A má percepção do controle da asma pelo paciente pode levar à avaliação inadequada da asma pelo médico e, consequentemente, ao tratamento insuficiente ou excessivo.(5-7) Para suprir essa deficiência no gerenciamento do controle da asma, são necessários questionários para a avaliação de sintomas que reflitam a natureza multidimensional da doença e que sejam facilmente administrados e interpretados.(14,15) Esses questionários são úteis na prática clínica e em protocolos de pesquisa, por permitirem a padronização, a uniformização e a reprodução das medidas propostas a um baixo custo.(14-17)

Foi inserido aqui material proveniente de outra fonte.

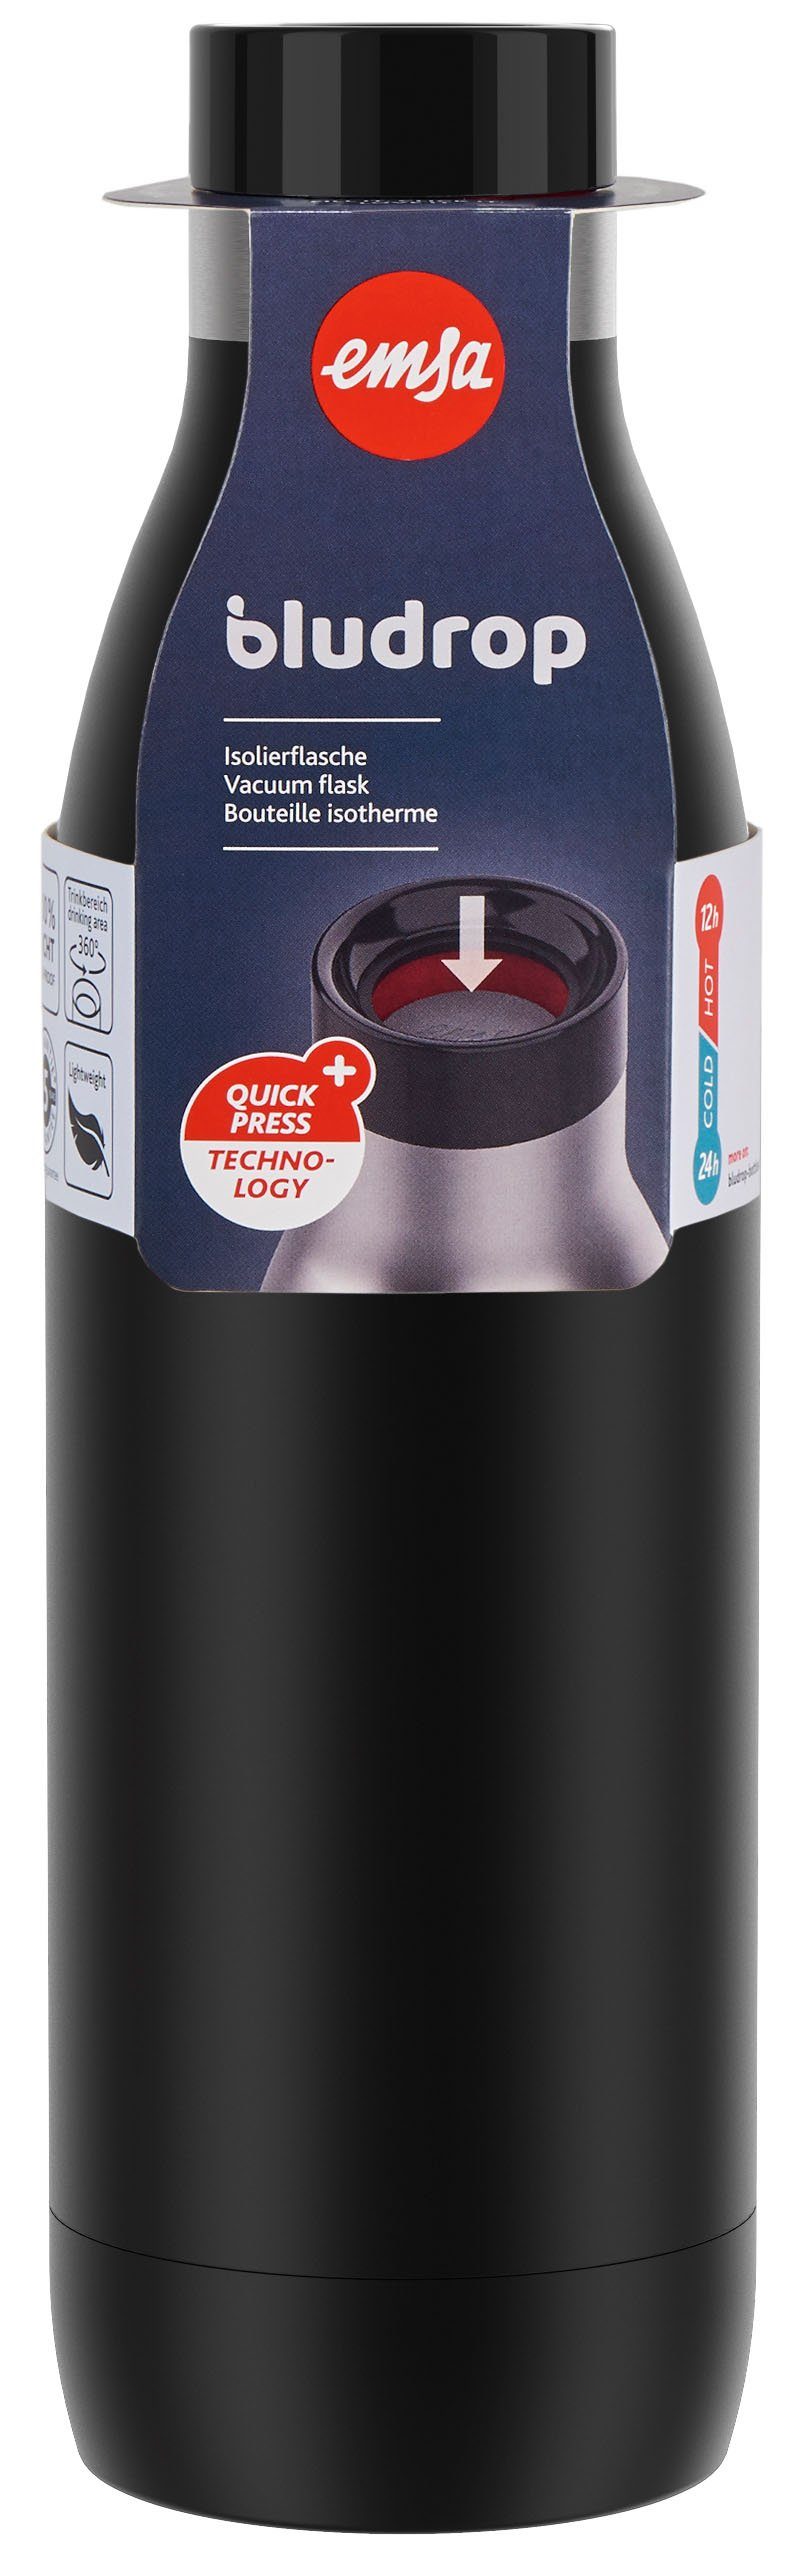 Deckel, Edelstahl, warm/24h Trinkflasche kühl, schwarz 12h Emsa Bludrop Quick-Press spülmaschinenfest Color,

Recentemente, Nathan et al. desenvolveram um questionário denominado Asthma Control Test (ACT, Teste de Controle da Asma).(18) O questionário pode ser autoaplicável e possui cinco itens que dizem respeito aos sintomas, uso de medicação de alívio e efeito da asma nas atividades diárias sem a necessidade de medidas de função pulmonar.(18,19) Esse instrumento foi avaliado em pacientes de países de língua inglesa, sendo reconhecido como reprodutível, válido, com consistência interna e responsivo às mudanças clínicas.(18,19) A validação desse questionário para uso no Brasil é importante para que tenhamos acesso a uma ferramenta simples de avaliação dos pacientes ambulatoriais no país. O objetivo deste trabalho foi validar o questionário ACT, traduzido para o português, para seu uso no Brasil. Para tanto, foi avaliada a capacidade do ACT em discriminar asma controlada de asma não controlada, bem como a reprodutibilidade e a responsividade do questionário.
Métodos
Em uma primeira etapa, foi realizada a tradução com validação linguística do questionário. O ACT foi traduzido da língua inglesa para a língua portuguesa por dois médicos com proficiência nas línguas inglesa e portuguesa, experiência em tradução de questionários e que conheciam os objetivos do estudo e os conceitos nele envolvidos. Os dois tradutores e o investigador principal debateram as diferenças entre as traduções e elaboraram o instrumento.(20-22)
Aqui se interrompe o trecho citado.